À la SGF, la porte-parole Sylvie Brousseau a confirmé que le projet est à l'étude, que la SGF a l'encaisse nécessaire pour le financer si elle donne le feu vert, mais que le conseil d'administration n'a rien voté encore.
Hubert Manseau, président du fonds de capital-risque parapublic Innovatech du Grand Montréal, a indiqué appuyer le projet de M. Bellido "à 150 %, comme on dit au hockey". "Un tel outil est encore plus nécessaire qu'il ne l'était (avant l'élection du Parti libéral), parce qu'il y a plus de firmes à financer et qu'on sent un refroidissement chez les sources traditionnelles".
M. Manseau, avant le changement de gouvernement, avait reçu le mandat de coordonner la création du Grand Fonds et la sélection de son président. "M. Bellido démarchait des investisseurs de son côté et il avait manifesté son intérêt pour le poste.
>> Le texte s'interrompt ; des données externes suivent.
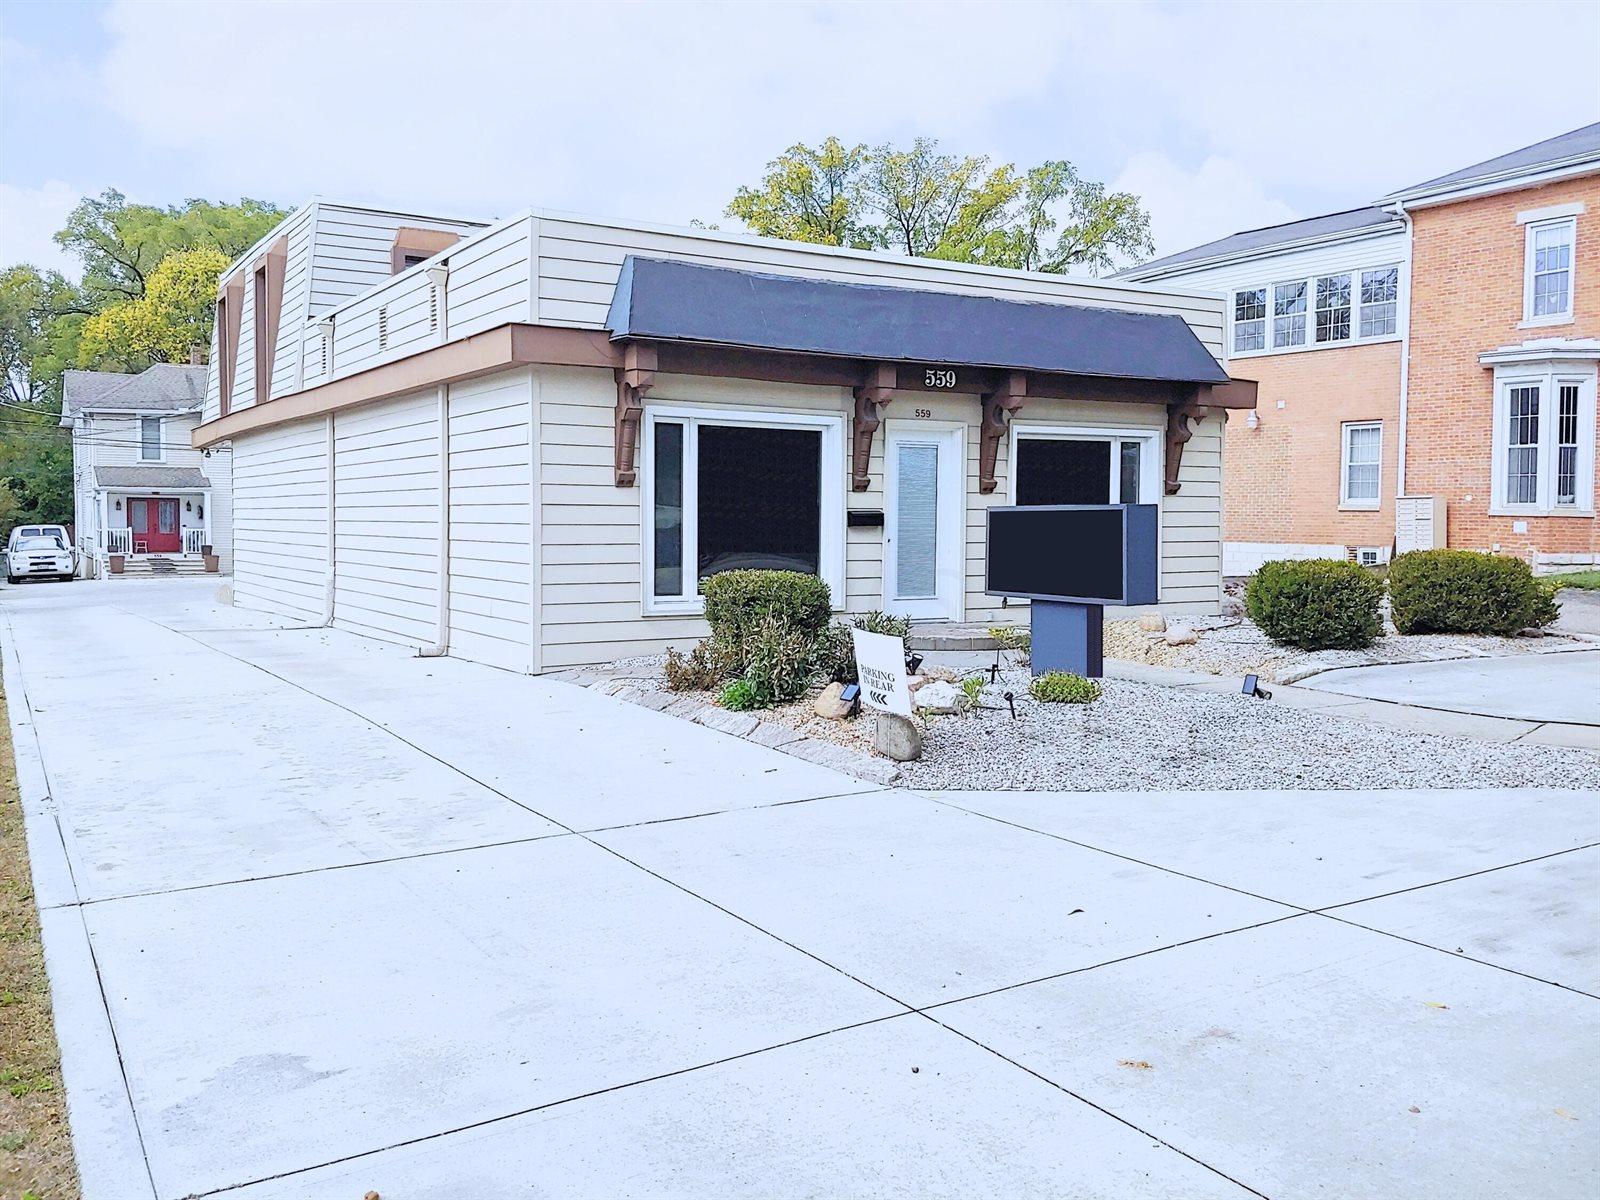 559 High Street, Worthington, OH 43085

Maintenant, je crois qu'il pense avoir assez de bailleurs de fonds privés pour essayer de reprendre le projet, dans une forme différente et nettement plus appuyée sur le secteur privé", a dit M. Manseau.
Selon le prospectus, Biomundis aspire à faire des placements considérables (jusqu'à 25 millions US) dans un nombre limité de firmes développant des produits assez ou très près de la commercialisation. Ce genre de fonds n'existe pas au Québec, ce qui est considéré depuis plusieurs années comme une lacune grave.
Le fonds serait établi à Montréal et a déjà une adresse sur le boulevard René-Levesque.